On August 7, 2014, during the storming of the terrorists' fortified area and the battalion Kryvbas, also involved fighters of the reconnaissance battalion from Cherkaske, 51st Guards Mechanized Brigade, Right Sector. The checkpoint and the enemy were destroyed, as well as the reinforcements. In the battle, two soldiers of Kryvbas were killed — Vladimir Kordabnov & Maxim Kochur. 6 fighters were injured.
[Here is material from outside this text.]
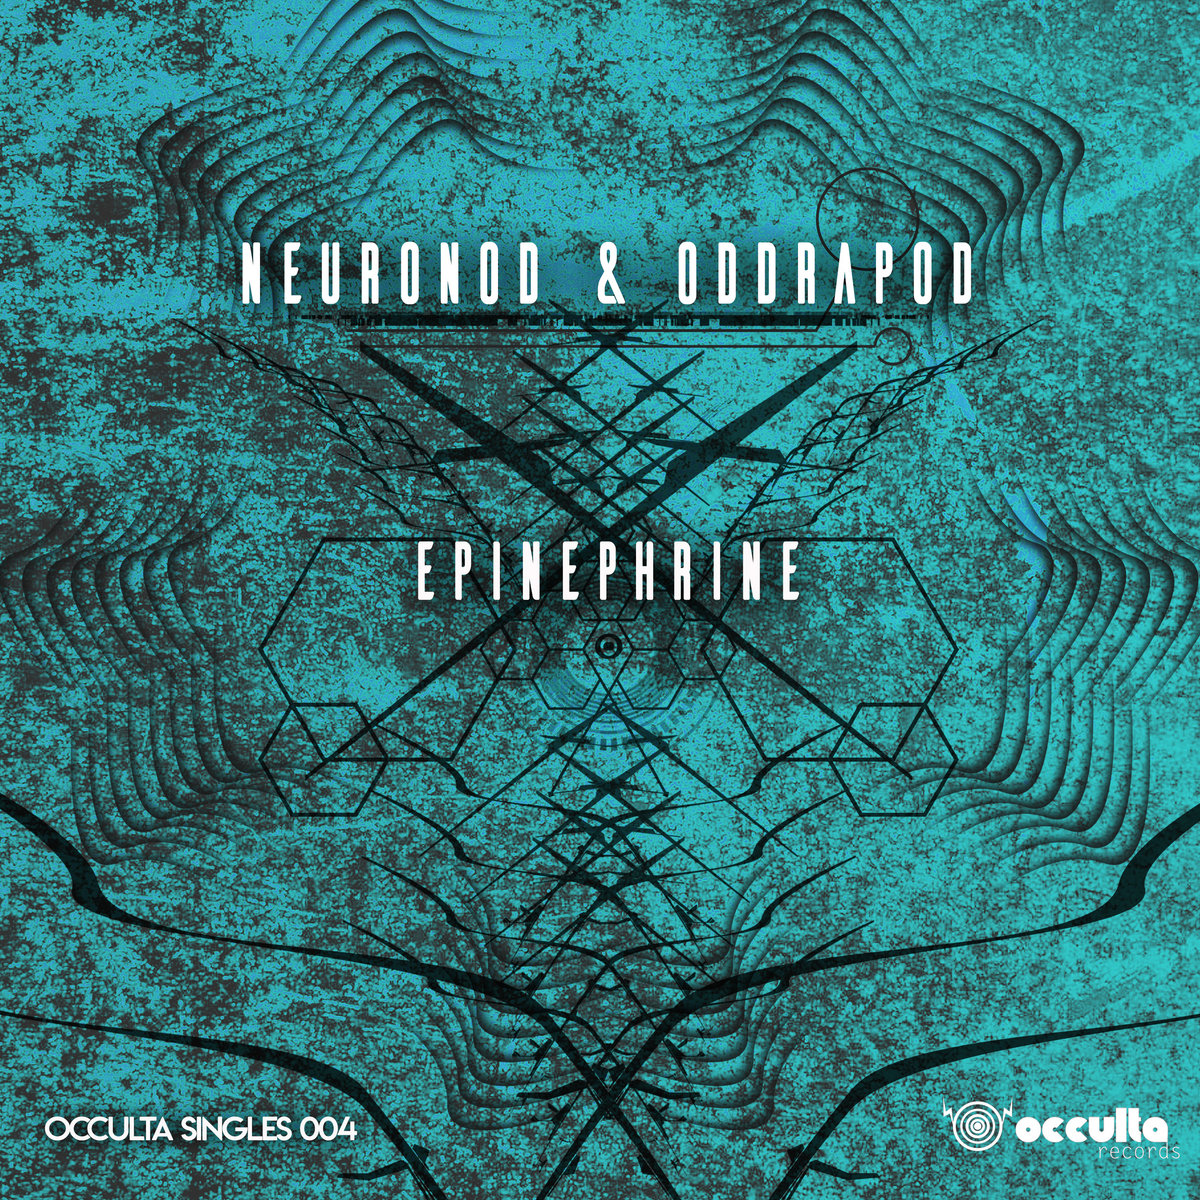 Neuronod and Oddrapod - Epinephrine

On August 10, 2014, protecting a group, a soldier was killed in battle named Sergiy Bontsevych.

=== Ilovaisk ===
In early August, the leadership of the "B" sector in the person of General Ruslana Khomchak approved a plan for a military operation on defeating illegal armed formations in the city of Ilovaisk, who was an integral part of the ATO headquarters in the environment of Donetsk. 40 TDB, which at that time was located in Starobesheve, received a task for blocking Ilovaisk from four directions. On August 5, 40 TDB tasks were completed, while two fighters were killed, three were injured. Subsequently, Kryvbas covered the back of the battalions Donbas and Dnipro-1. On August 17 and 18, two sides went to Ilovaysk and killed half of the city. To support them, Ilovaysk overturned battalions Peacekeeper, Ivano-Frankivsk, Kherson, and Svityaz. On August 20, ATO headquarters had reported on the establishment of control over the city. However, on August 24, the column of Russian armored vehicles in 100 units had crossed the state border in sector D, and hit the Ilovaisk group of volunteer battalions of the Ministry of Internal Affairs and the Ministry of Defense, the personal composition of which in most has been armed with light rifle weapons had only a small amount of BTR-80, 82-mm mortar BM-37, and ZU-23-2. The battles took place until August 28. On August 29, 40 TDB, which refused to negotiate the so-called green corridor, began to break from the surroundings. From the surroundings in the Ilovaisk Boiler, 358 soldiers and 40 TDB officers came out. 16 fighters were killed under the Ilovaysk; 84 were injured, 19 disappeared, 25 people were captives.

Reformatting

In November, the 40th Battalion of Territorial Defense was reformatted on the 40th Separate Motorcycle Battalion, and was included in the 17th tank brigade. The commander of the battalion was assigned a former commander to the separate educational detachment of special training of land troops of the Armed Forces of Ukraine (Kirovograd region) Victor Pochernyaev.

Disbandment

In April 2015, information about the General Staff directory pointed out the imbalance of the battalion.

==Losses==
According to the Book of Remembrance, as of February 2019, the battalion lost 53 men.

==Traditions==
The day of inception is considered to be May 15.

==Honorings==
The townspeople honored the memory of the battalion in 2017 and in 2019.